Mike Crupi/THE POST
Charles J. Ping, trustee professor of philosophy and education, spent much of his childhood living near maximum security prisons because his father worked laying out and operating prison hospitals.
|
For Charles J. Ping, home has taken many forms.
The professor emeritus, trustee professor of philosophy and education and former president of Ohio University has called many places home, from Alma College in Michigan, where he served as a professor of philosophy from 1958 through 1966, to Southern Africa, where he completed a Fulbright scholarship in 1995.
But perhaps one of Ping's more unusual homes is the time he spent at Alcatraz prison, the former maximum security prison off the coast of San Francisco active from 1936-1963.
Ping moved to Alcatraz at age 5 when his father, a registered nurse and pharmacist, was assigned to lay out and open its hospital facilities.
Because of its island location, key faculty members lived on Alcatraz itself, next to the prison and separate from the rest of the world.
But for Ping and the close to 50 other children living on the island, Alcatraz was not a prison. It was home.
"It's like being in a small town. You create a community of friends," he said.
Instead, Alcatraz was a place full of cliffs and fishing docks, which Ping said were his favorite parts of living on the island.
During his time there, Ping's only contact with the mainland was by the one boat that went from island to San Francisco, which he took to get to and from school each day.
Because he and his family moved to the island two months before the first prisoner arrived, Ping said he had no contact with the criminals.
But Alcatraz was not Ping's only prison living experience.
"Alcatraz is a footnote to my childhood," he said.
Later, Ping lived at another maximum security prison on Terminal Island, Cali., then to Atlanta's maximum security prison while his father continued his prison hospital work.
Since his time in Alcatraz, Ping has visited the prison once with his wife, but he said he keeps his childhood in the past.
"It's a piece of long ago history," he said.
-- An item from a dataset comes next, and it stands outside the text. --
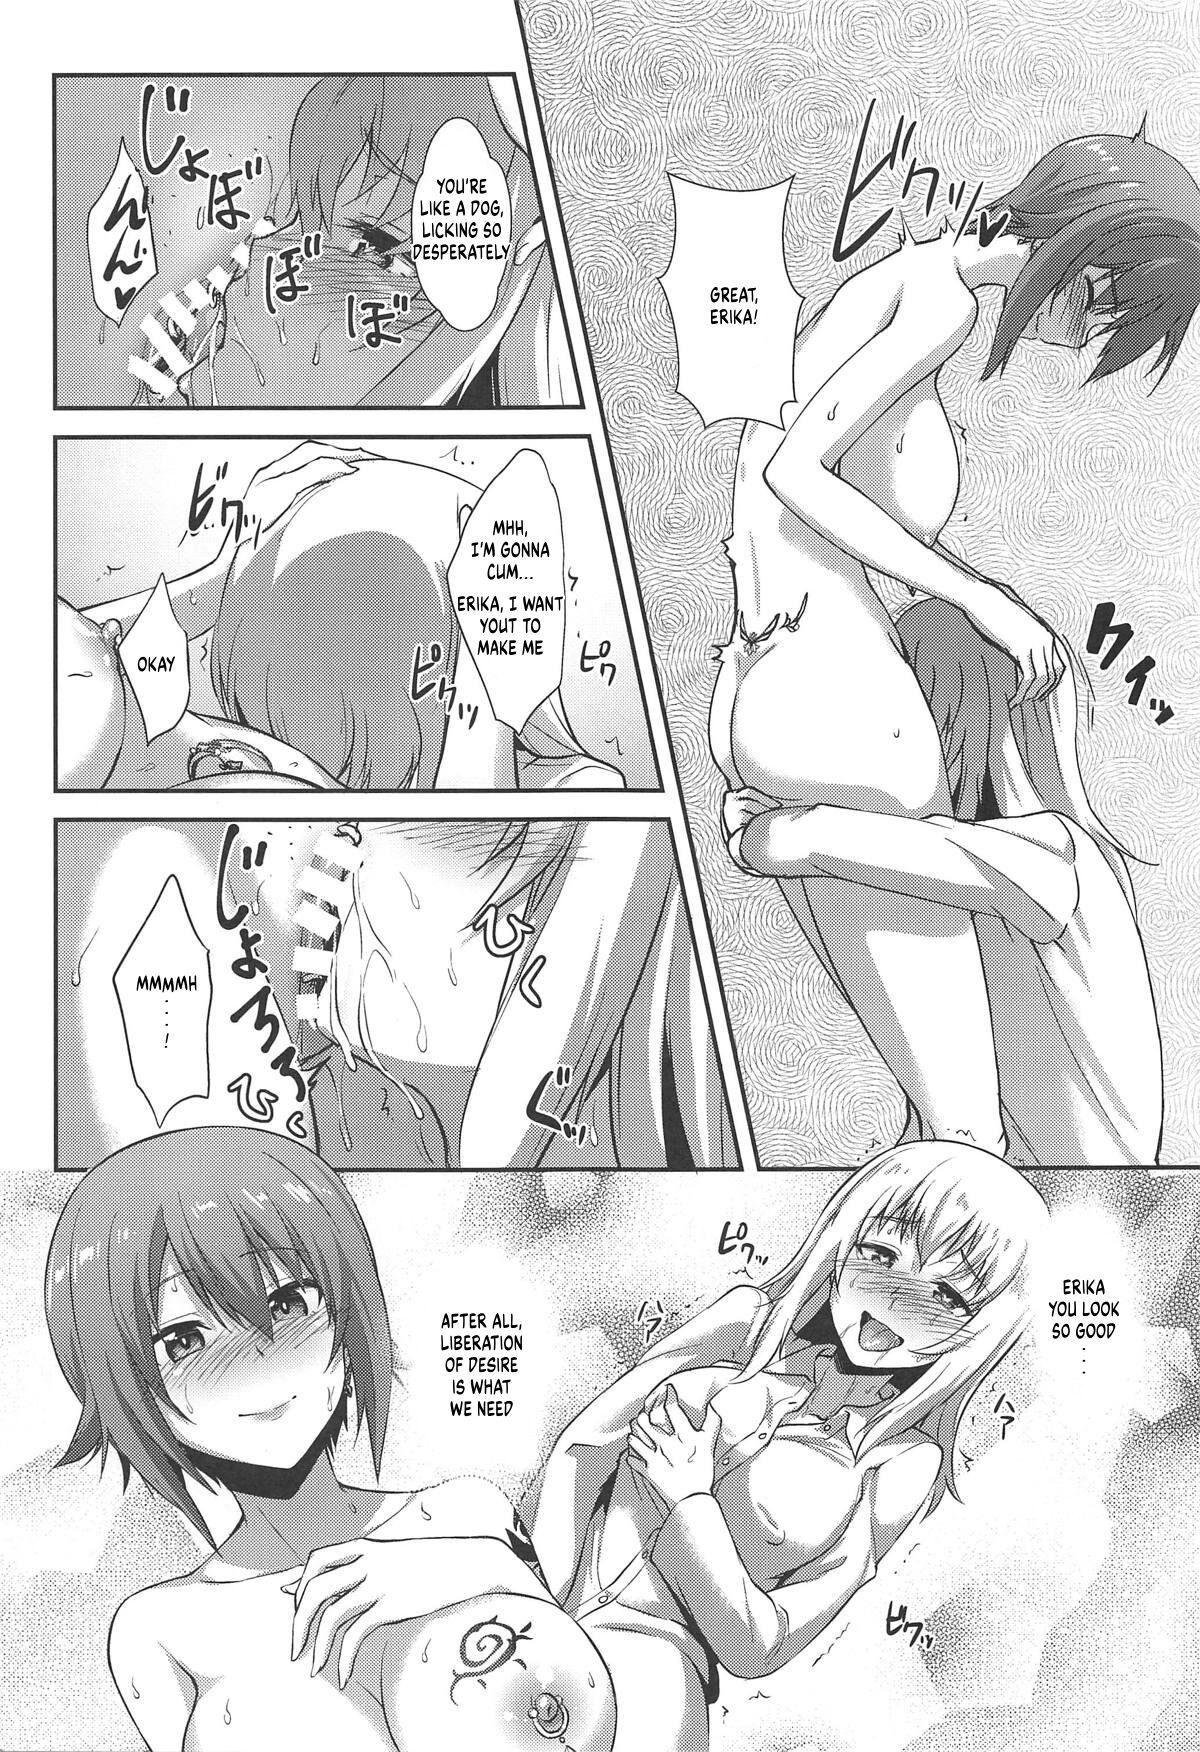 Music The Way How a Matriarch is Brought Up - Maho's Case, Bottom - Girls und panzer Leather - Page 11

Instead, Ping said he would rather focus his life on his present home and life at OU, where he has lived since serving as its 44th president from 1975-1994.
He now spends time helping students experience the world the way he has.
He serves on the board for the Council for International Education Exchange, a study abroad program that oversees the international exchange of 25,000 to 30,000 high school and university students yearly.
His work on the Fulbright Scholars Board, which sends students and academic professionals abroad for research and study, is another way Ping works to send students to different homes abroad.
He also serves as the director of the Manasseh Cutler Scholars program, a merit scholarship program that offers its recipients a full scholarship for tuition, room and board and offers extra summer programs for its recipients. As part of the program, students are involved with a study abroad or internship opportunity after their junior year.
Students are chosen by their high schools for the program, Ping said. When fully implemented, the program will have 200 Cutler scholars.
Ping also is actively involved in The Charles J. Ping Institute for the Teaching of the Humanities, created and named after Ping in 1992.
The institute focuses on promoting humanities education for both high school and university students by bringing the teachers together to discuss aspects of the liberal arts, he said.
But after his retirement from the OU presidency, Ping returned to his favorite home in the classroom, teaching philosophy.
"I'm doing exactly what I want to do," he said. "I intended to finish my career back in the classroom."